What happens to late-arriving Stripe meter events?

Late-arriving events that miss their billing period typically land in the next period's invoice, since Stripe closes periods before invoice finalization and processes events asynchronously. The timestamp must be within the past 35 calendar days and no more than 5 minutes in the future — events outside those bounds return explicit error codes. Define a cutoff policy: after the billing period closes, accept events up to N minutes late, then reroute or discard, rather than leaving the behavior undefined and wondering why customers see charges in unexpected periods.

Can I change a Stripe billing meter after creating it?

No — a Stripe billing meter's event name, aggregation method, and customer-mapping key are immutable once set, and changing them requires creating a new meter and migrating all active customers. This makes thorough pre-production testing essential: run the meter in Stripe's test mode, fire realistic event payloads matching your production schema, and verify the invoice output before touching live subscriptions. The 30 minutes spent verifying meter behavior in test mode is far cheaper than a migration script running during an active billing period.
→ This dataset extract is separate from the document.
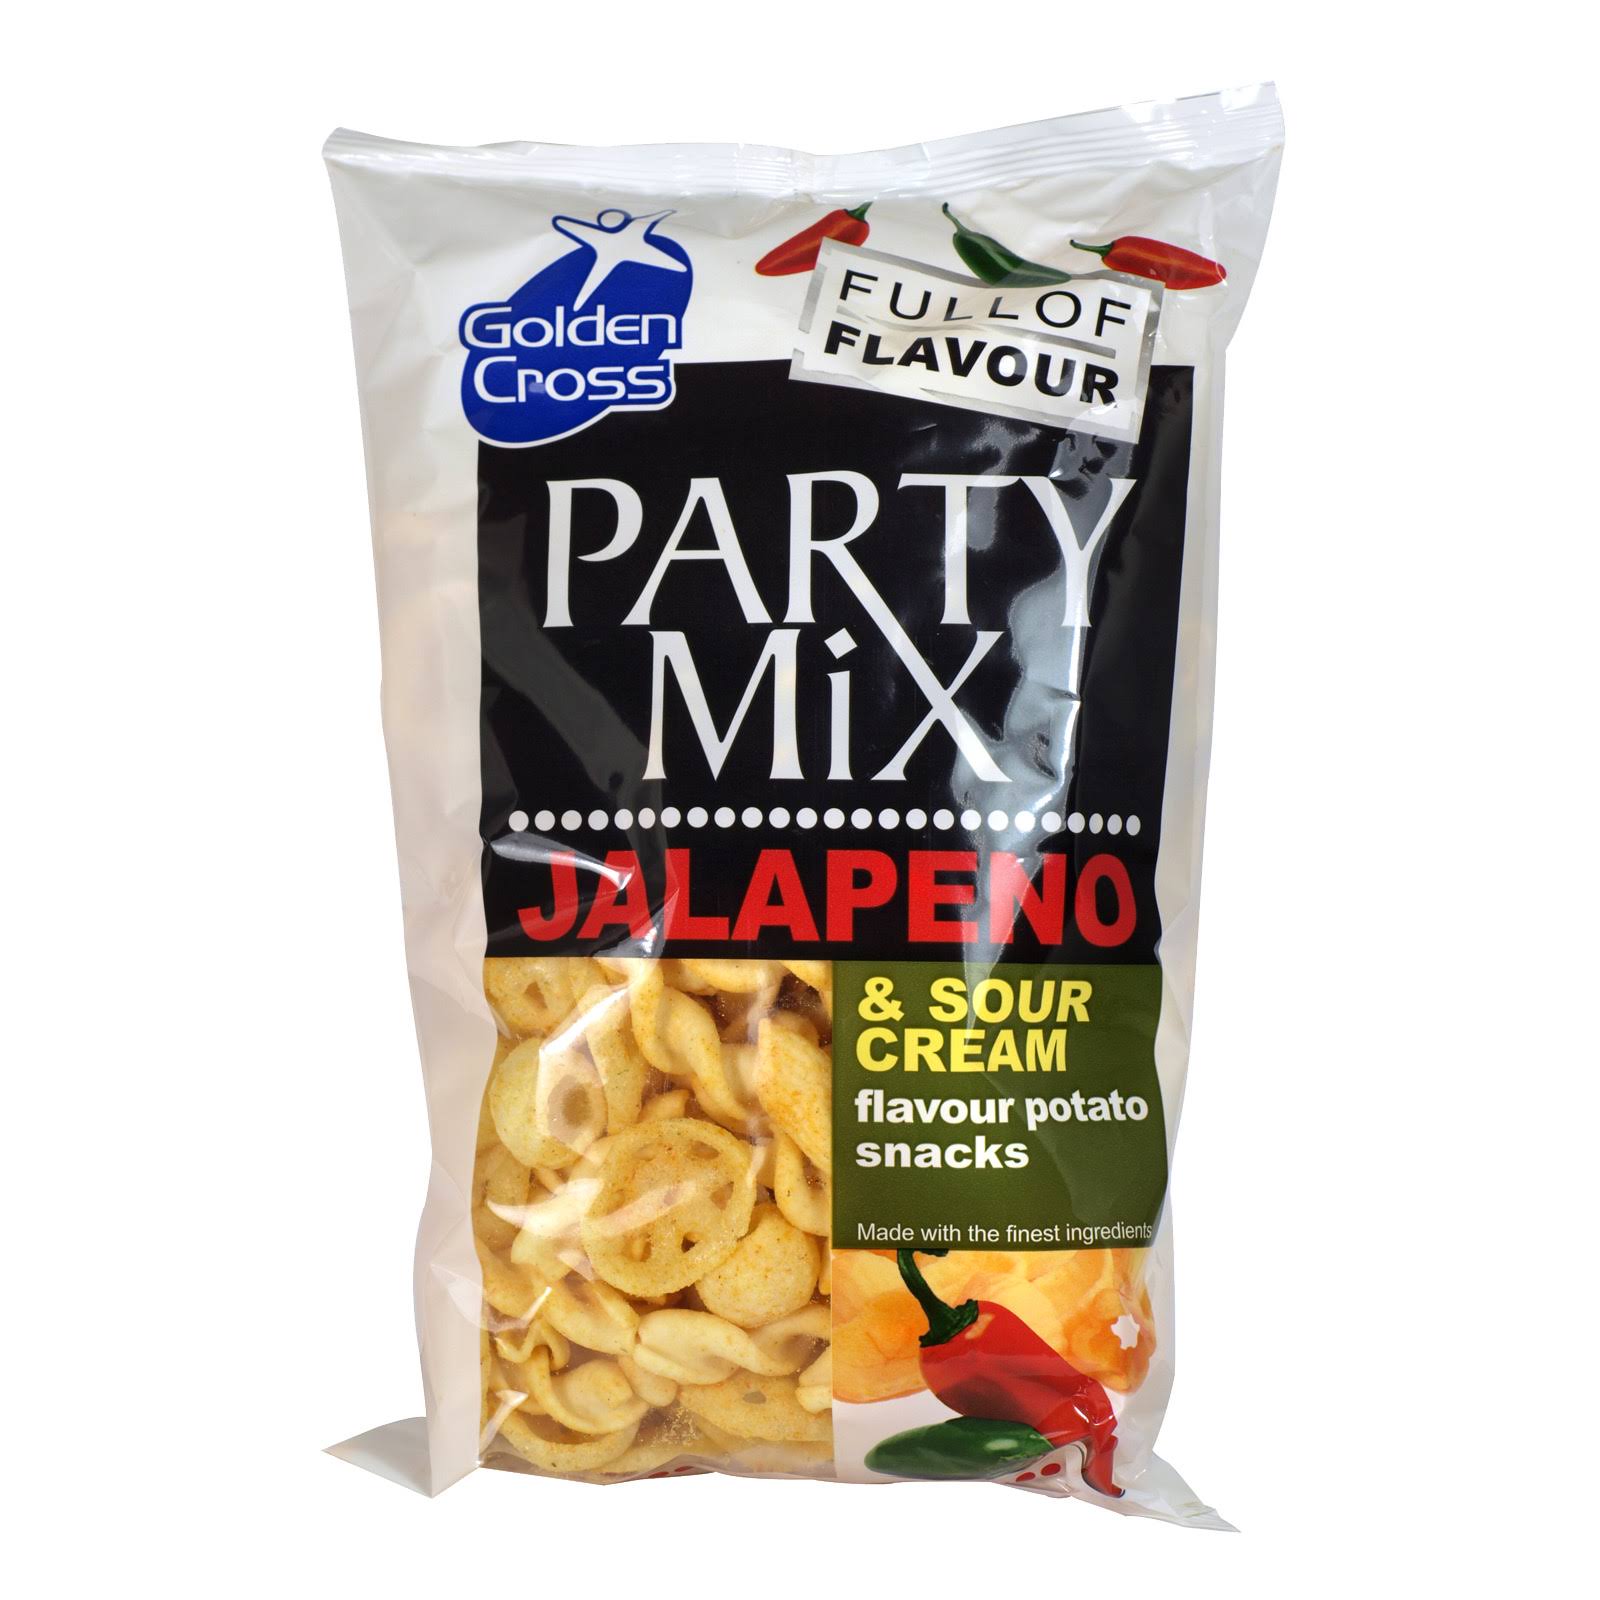 Golden Cross Party Mix Potato Snack - Jalapeno & Sour Cream, 125g

What's the difference between Stripe Billing and Lago for usage-based billing?

Stripe Billing Meters handles ingestion, aggregation, and invoicing in one system with no extra infrastructure; Lago is an open-source billing layer that adds prepaid credit wallets, enterprise draw-down contracts, and complex pricing logic not natively available in Stripe. Use Stripe alone for pay-as-you-go or simple tiered pricing. [Lago](https://www.getlago.com) is the right call when your model structurally requires credit burndown, commit-based enterprise pricing, or invoice logic that Stripe can't express without significant custom code — at that point the infrastructure overhead is justified.

What rate limits apply to Stripe meter event reporting?

The standard `/v1/billing/meter_events` endpoint allows 1,000 API calls per second per Stripe account; the Meter Event Stream API (v2) supports up to 10,000 events per second using short-lived authentication tokens that expire every 15 minutes, with enterprise volumes up to 200,000 events per second available on request. For most SaaS products, the 1,000/second limit is never a constraint. Pre-aggregating usage — flushing batched counts every 30–60 seconds rather than one event per atomic action — keeps you within limits and reduces API call volume regardless of which endpoint you use.